Exercise prompt >> What is needed is the full listing written out exactly, minus the pictures.

Information provided >>
=-=-=
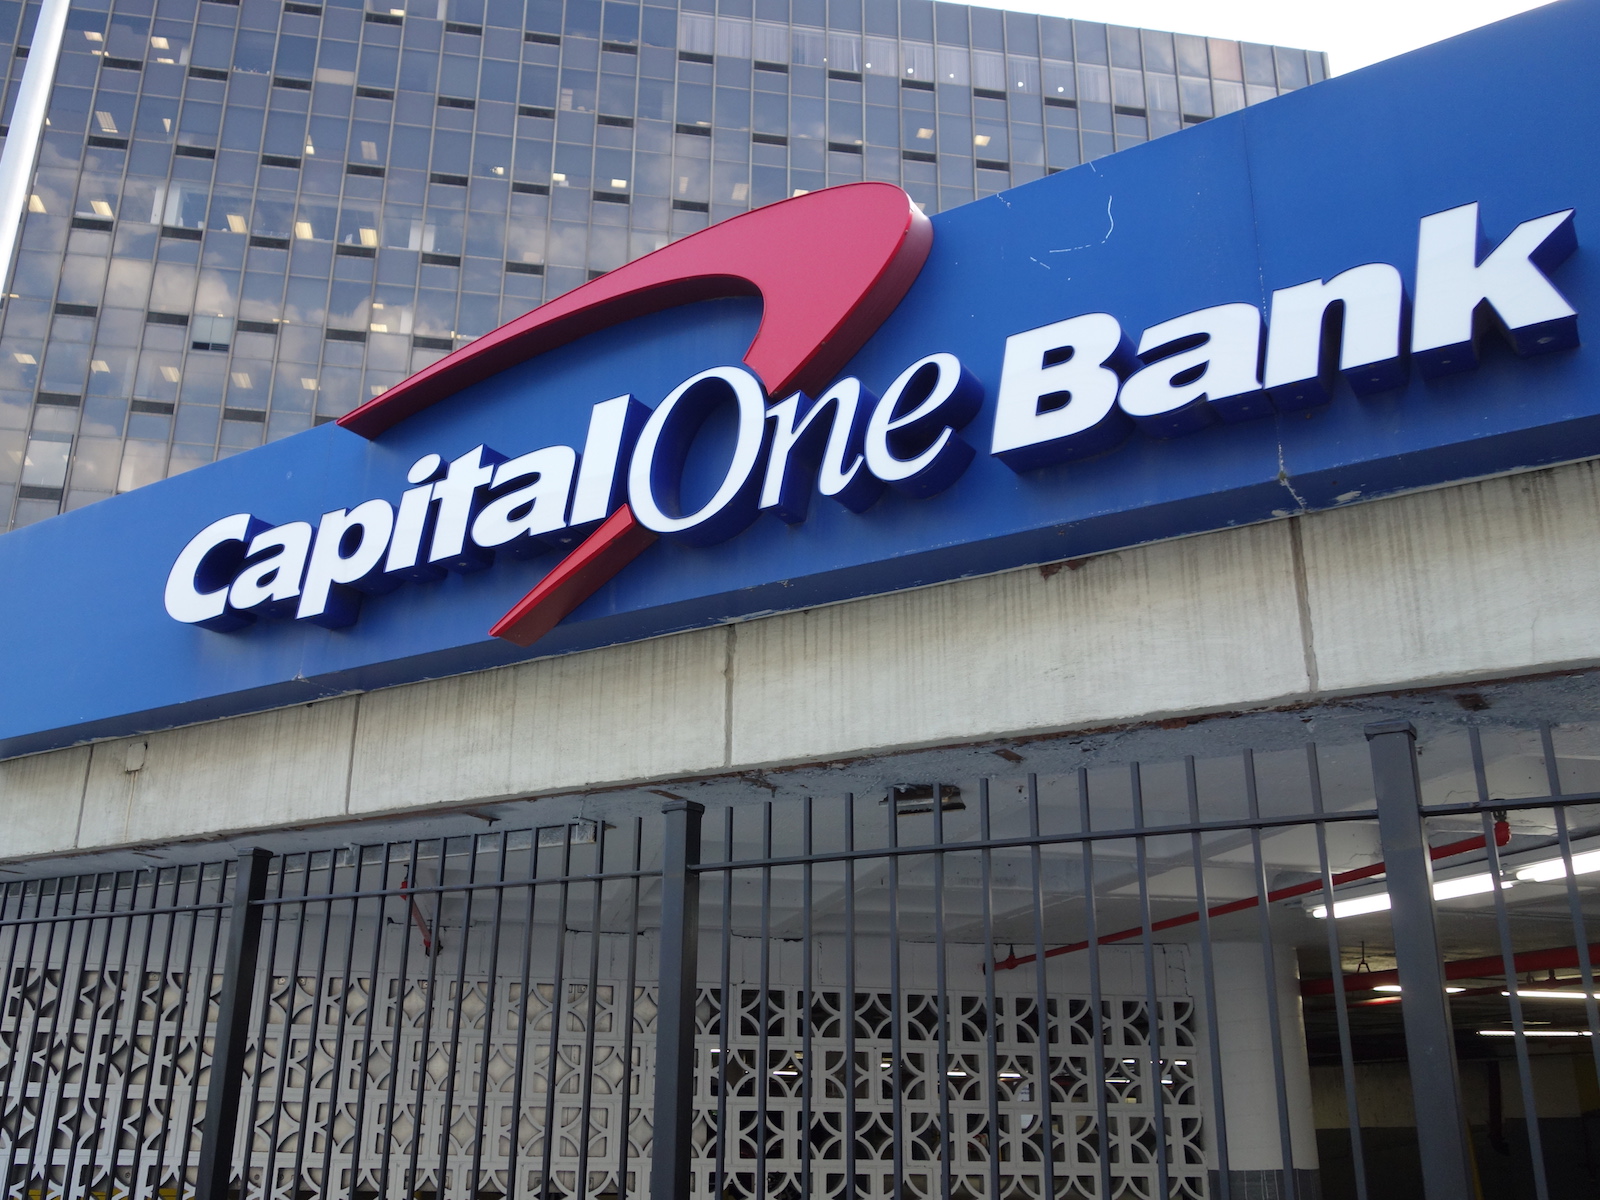 Capital One transfer cash back to miles
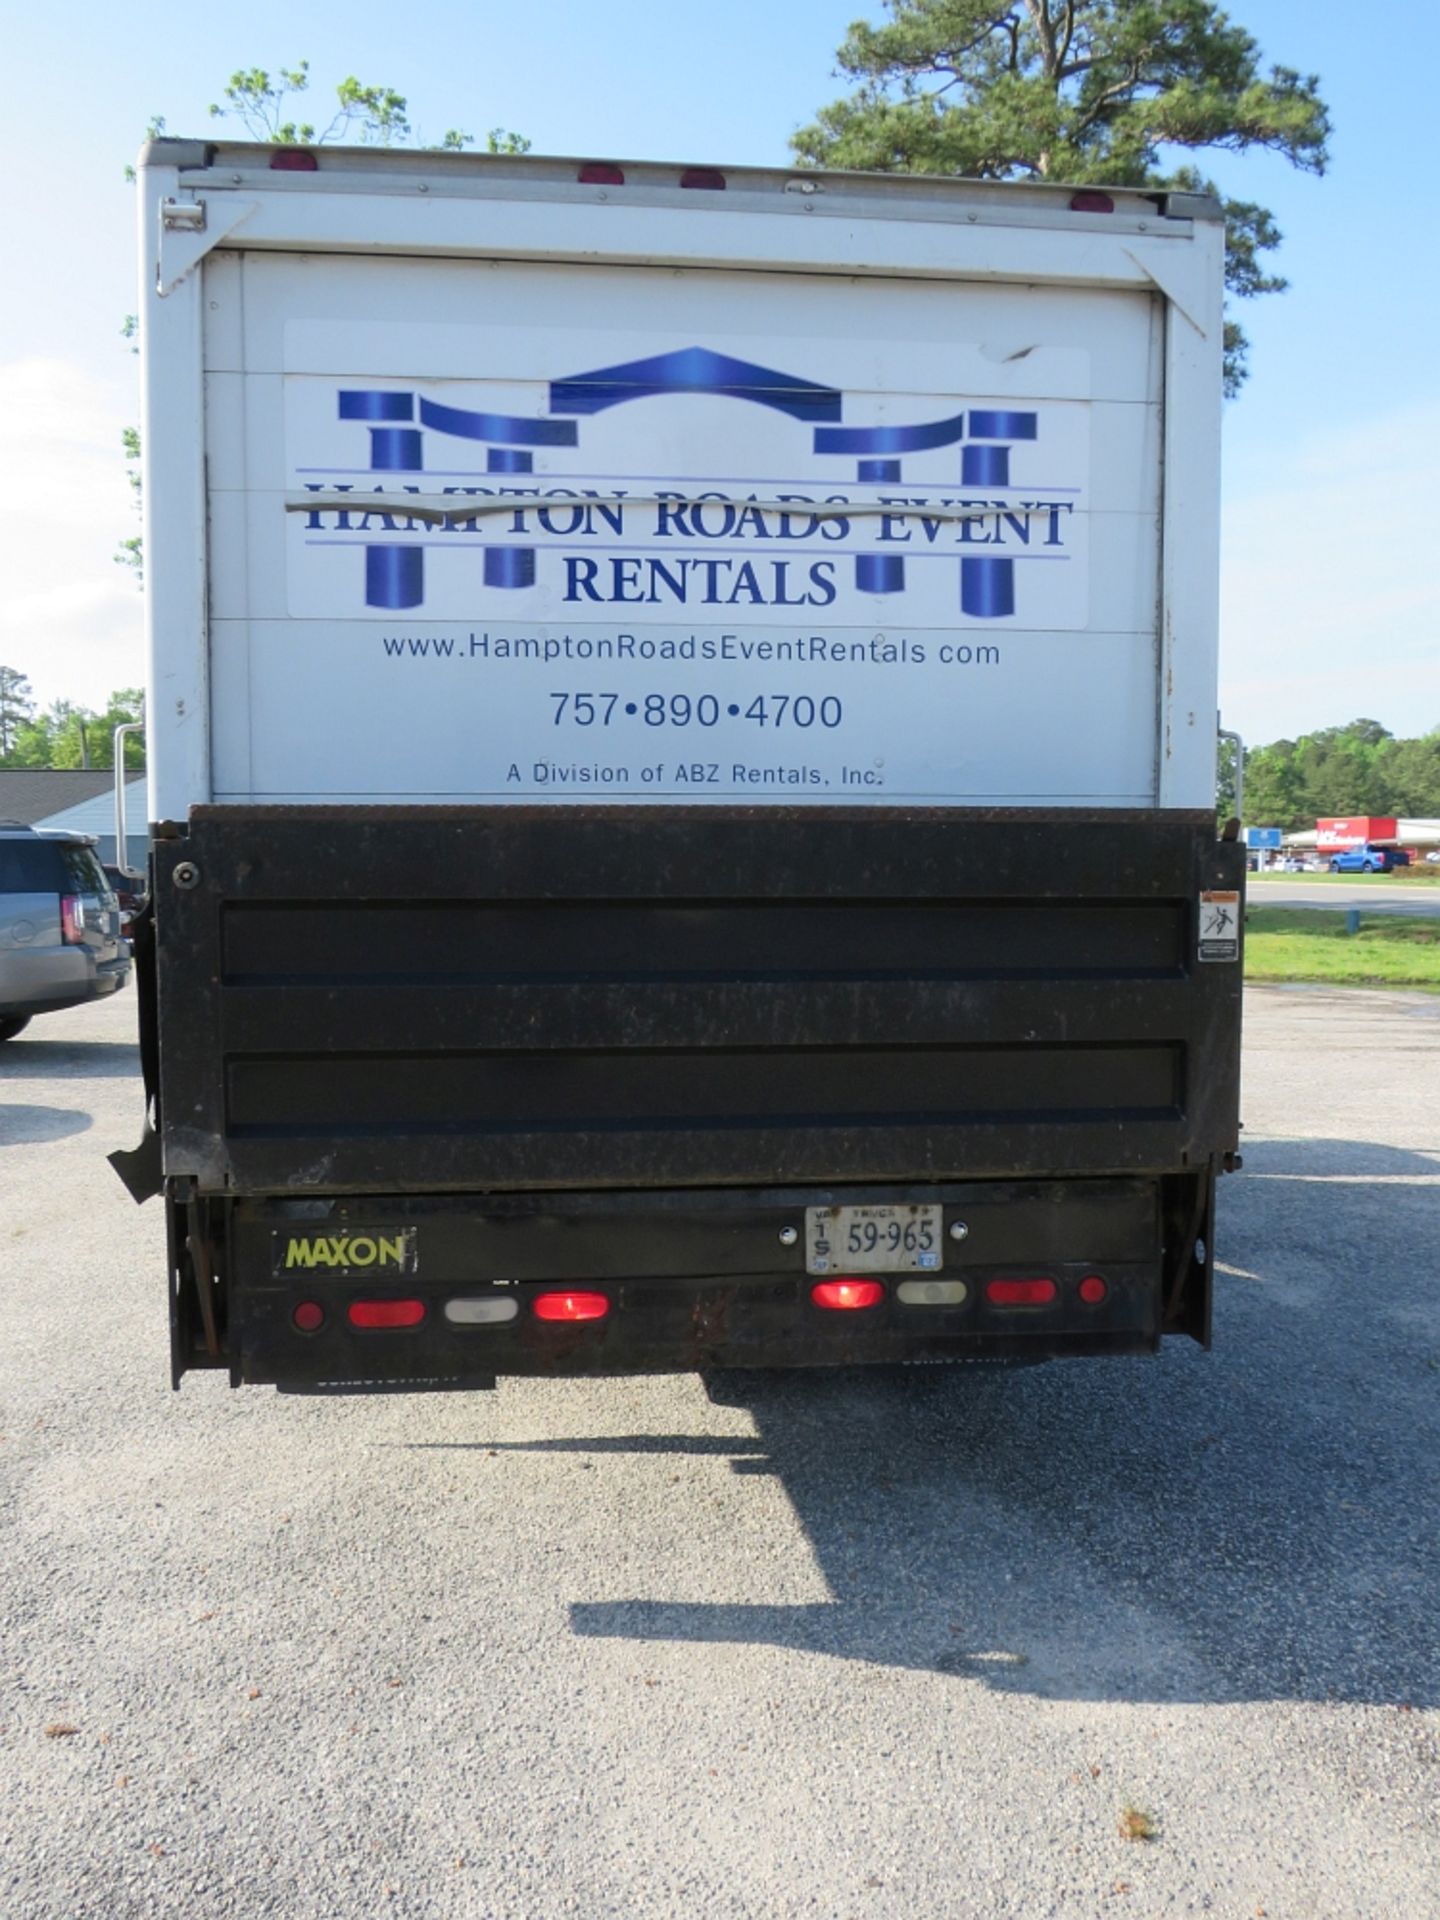 2005 GMC Delivery Truck, 14' Box, - Image 4 of 6
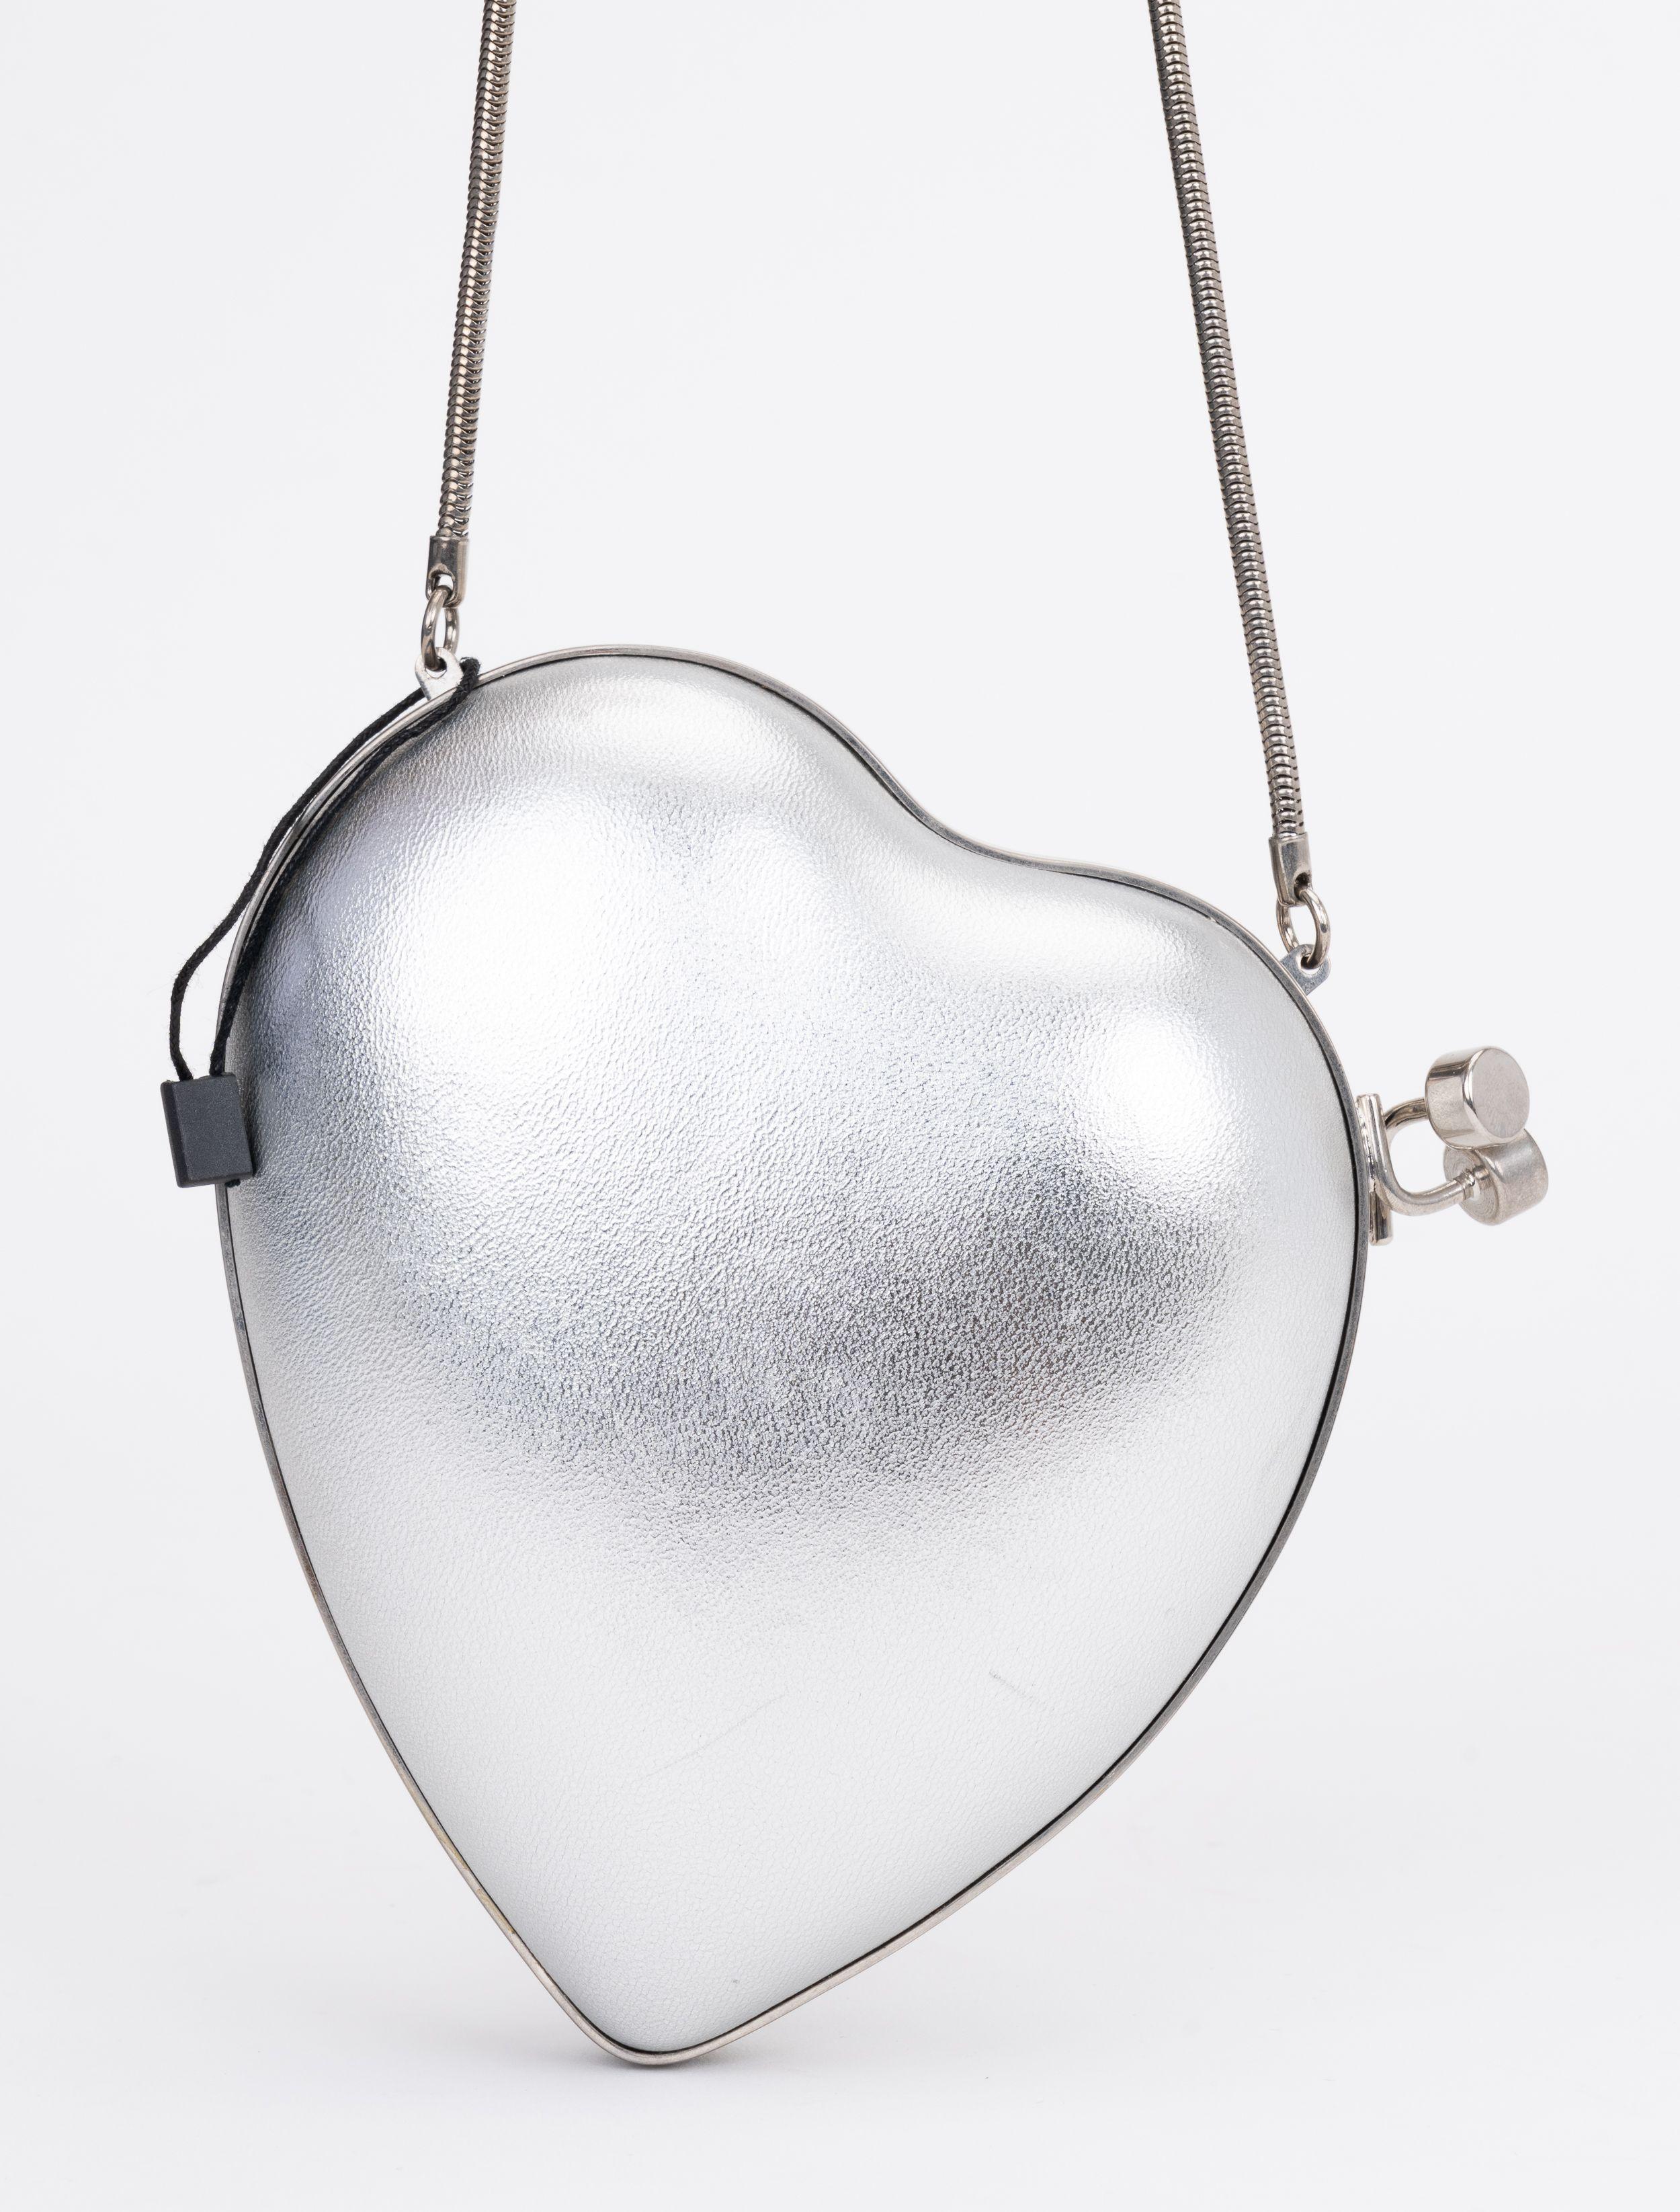 YSL New Silver Mini Heart Evening Bag In New Condition For Sale In West Hollywood, CA
=-=-=
Written answer >>
 Capital One transfer cash back to miles
 2005 GMC Delivery Truck, 14' Box, - Image 4 of 6
 YSL New Silver Mini Heart Evening Bag In New Condition For Sale In West Hollywood, CA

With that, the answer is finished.